DM #155: If you google the definition of the the word placebo, the result is as follows: a harmless pill, medicine, or procedure prescribed more for the psychological benefit to the patient than for any physiological effect. The very next definition reads: A substance that has no therapeutic effect, used as a control in testing new drugs.
The discrepancy and contradiction between these two definitions is where the actual problem lies. Somehow we have come to view a “psychological effect” as non-therapeutic. As if when we treat only the mind, we're not having an ‘actual' effect. This is just plain wrong.
We MUST get away from this mechanical model that views treatment of human beings in terms of simply manipulating inert tissue. We are not treating corpses.

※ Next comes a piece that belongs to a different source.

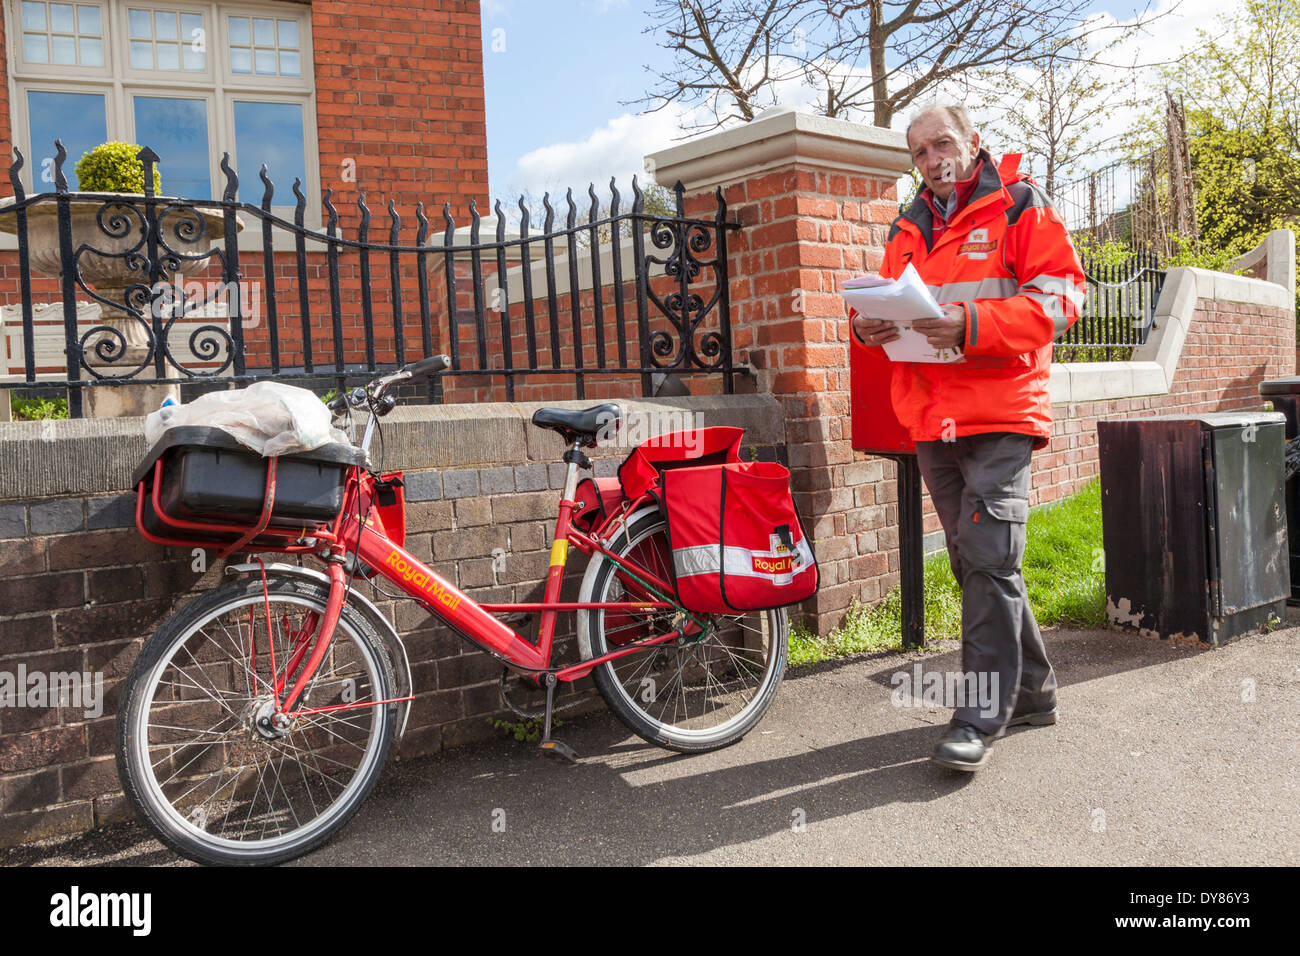 Royal Mail postman avec location offrir dans le village de Plumtree, Lancashire, England, UK Banque D'Images

We are treating a living, breathing, feeling, thinking, emotional, and dynamic system, and as such, we must consider how treatment can affect each of these factors.
Just because we can't “see” the effect, or perceive it as a tissue change, doesn't mean that there was no effect. We can not see or touch wind, yet we do not argue it's existence. One might counter that we know it exists because we can hear it, and we can ‘feel' it. To that I respond, exactly, you've used your other senses to understand its existence. You've used more complex reasoning to understand a complex concept. Similarly, we may not be able to ‘see' the effect a treatment has, but we can use our other senses and hear it in what the patient says, or ‘feel' it how the patient now reacts and responds.
Pain is subjective, and as such, a person's subjective response to a treatment should count towards the validation of the efficacy of a treatment. Unless your patient is a cadaver, you must adopt the biopsychosocial model. Complex systems should be viewed with many different lenses. If you can do it for the wind, you can do it for your patient.